Ik zou een SynonymFilter op de firstName gebruiken tijdens het indexeren, zodat je alle mogelijke combinaties hebt (Bob -> Robert, Robert -> Bob, enz...). Indexeer de bestaande gebruikers die je hebt.
Gebruik vervolgens de QueryParser (zonder de SynonymFilter in de analysator) om wat vage vragen te stellen.

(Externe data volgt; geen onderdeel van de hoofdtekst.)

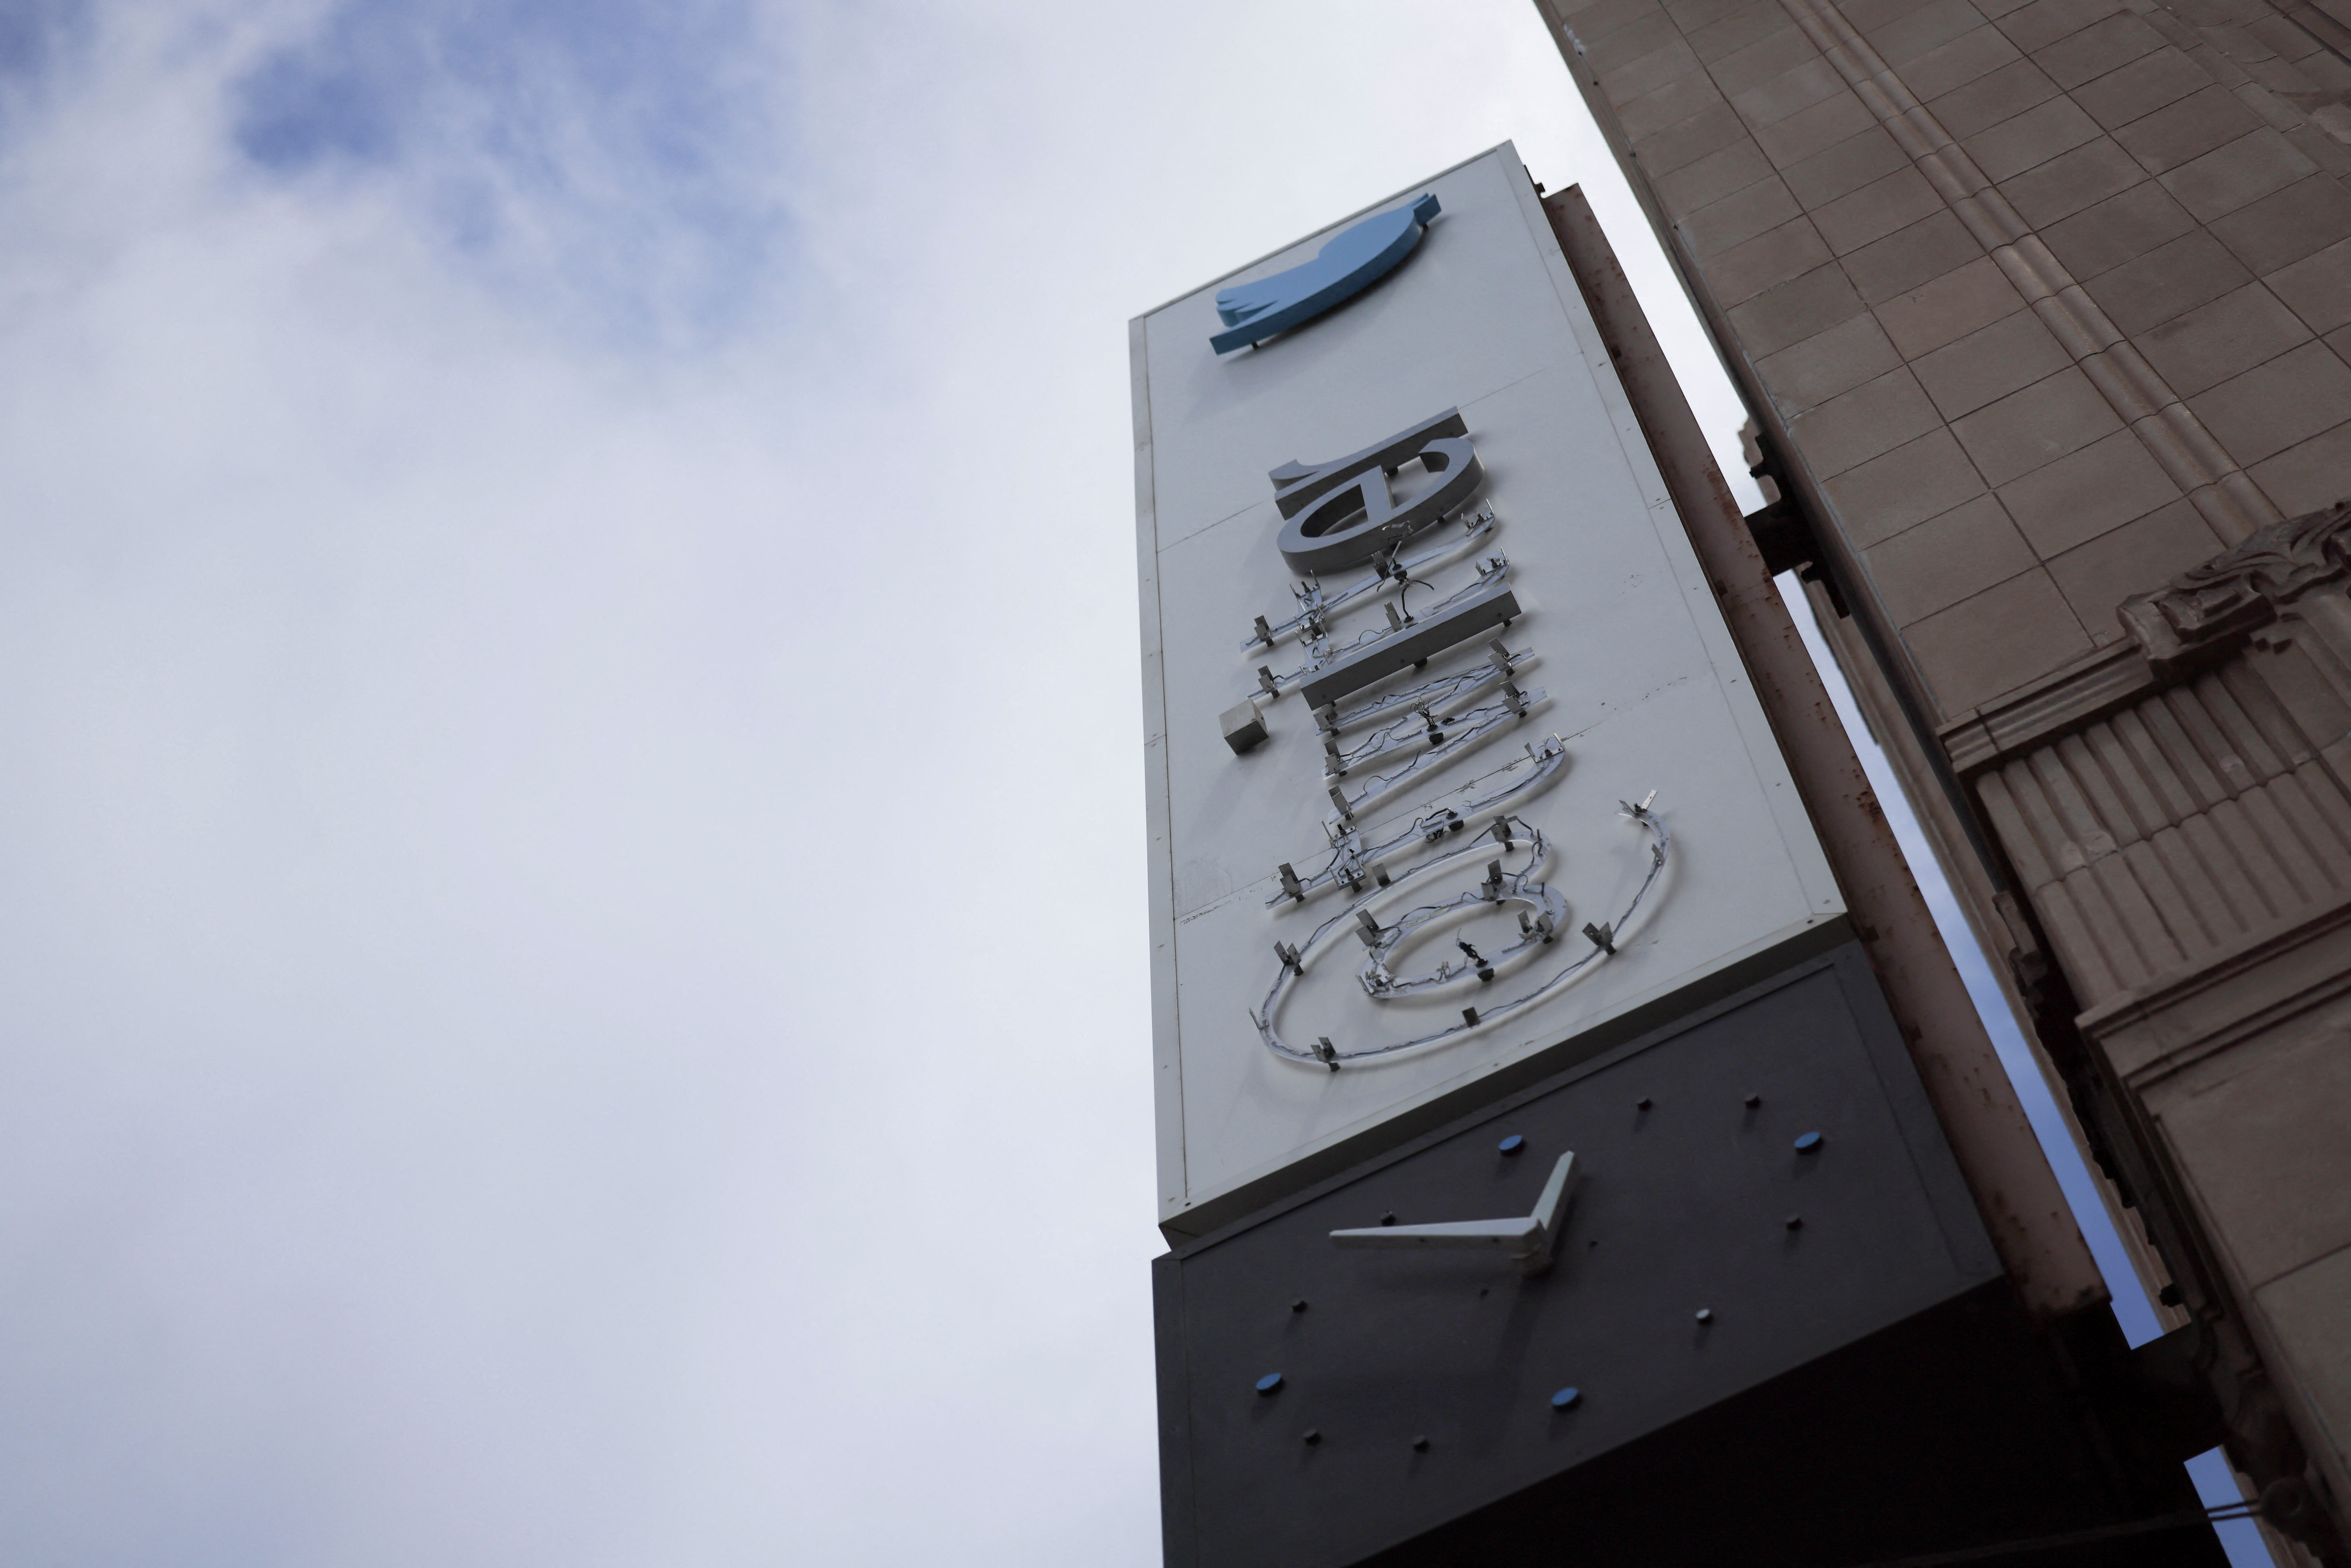 A partially dismantled Twitter's sign is seen at Twitter's corporate headquarters building in San Francisco

Dit is de code die ik bedacht:
public class NameDuplicateTests {
private Analyzer analyzer;
private IndexSearcher searcher;
private IndexReader reader;
private QueryParser qp;
private final static Multimap<String, String> firstNameSynonyms;
static {
firstNameSynonyms = HashMultimap.create();
List<String> robertSynonyms = ImmutableList.of("Bob", "Bobby", "Robert");
for (String name: robertSynonyms) {
firstNameSynonyms.putAll(name, robertSynonyms);
}
List<String> willSynonyms = ImmutableList.of("William", "Will", "Bill", "Billy");
for (String name: willSynonyms) {
firstNameSynonyms.putAll(name, willSynonyms);
}
}
public static Analyzer createAnalyzer() {
return new Analyzer() {
@Override
public TokenStream tokenStream(String fieldName, Reader reader) {
TokenStream tokenizer = new WhitespaceTokenizer(reader);
if (fieldName.equals("firstName")) {
tokenizer = new SynonymFilter(tokenizer, new SynonymEngine() {
@Override
public String[] getSynonyms(String s) throws IOException {
return firstNameSynonyms.get(s).toArray(new String[0]);
}
});
}
return tokenizer;
}
};
}
@Before
public void setUp() throws Exception {
Directory dir = new RAMDirectory();
analyzer = createAnalyzer();
IndexWriter writer = new IndexWriter(dir, analyzer, IndexWriter.MaxFieldLength.UNLIMITED);
ImmutableList<String> firstNames = ImmutableList.of("William", "Robert", "Bobby", "Will", "Anton");
ImmutableList<String> lastNames = ImmutableList.of("Robert", "Williams", "Mayor", "Bob", "FunkyMother");
for (int id = 0; id < firstNames.size(); id++) {
Document doc = new Document();
doc.add(new Field("id", String.valueOf(id), Field.Store.YES, Field.Index.NOT_ANALYZED));
doc.add(new Field("firstName", firstNames.get(id), Field.Store.YES, Field.Index.ANALYZED));
doc.add(new Field("lastName", lastNames.get(id), Field.Store.YES, Field.Index.NOT_ANALYZED));
writer.addDocument(doc);
}
writer.close();
qp = new QueryParser(Version.LUCENE_30, "firstName", new WhitespaceAnalyzer());
searcher = new IndexSearcher(dir);
reader = searcher.getIndexReader();
}
@After
public void tearDown() throws Exception {
searcher.close();
}
@Test
public void testNameFilter() throws Exception {
search("+firstName:Bob +lastName:Williams");
search("+firstName:Bob +lastName:Wolliam~");
}
private void search(String query) throws ParseException, IOException {
Query q = qp.parse(query);
System.out.println(q);
TopDocs res = searcher.search(q, 3);
for (ScoreDoc sd: res.scoreDocs) {
Document doc = reader.document(sd.doc);
System.out.println("Found " + doc.get("firstName") + " " + doc.get("lastName"));
}
}
}
Wat resulteert in:
+firstName:Bob +lastName:Williams
Found Robert Williams
+firstName:Bob +lastName:wolliam~0.5
Found Robert Williams
Ik hoop dat dat helpt!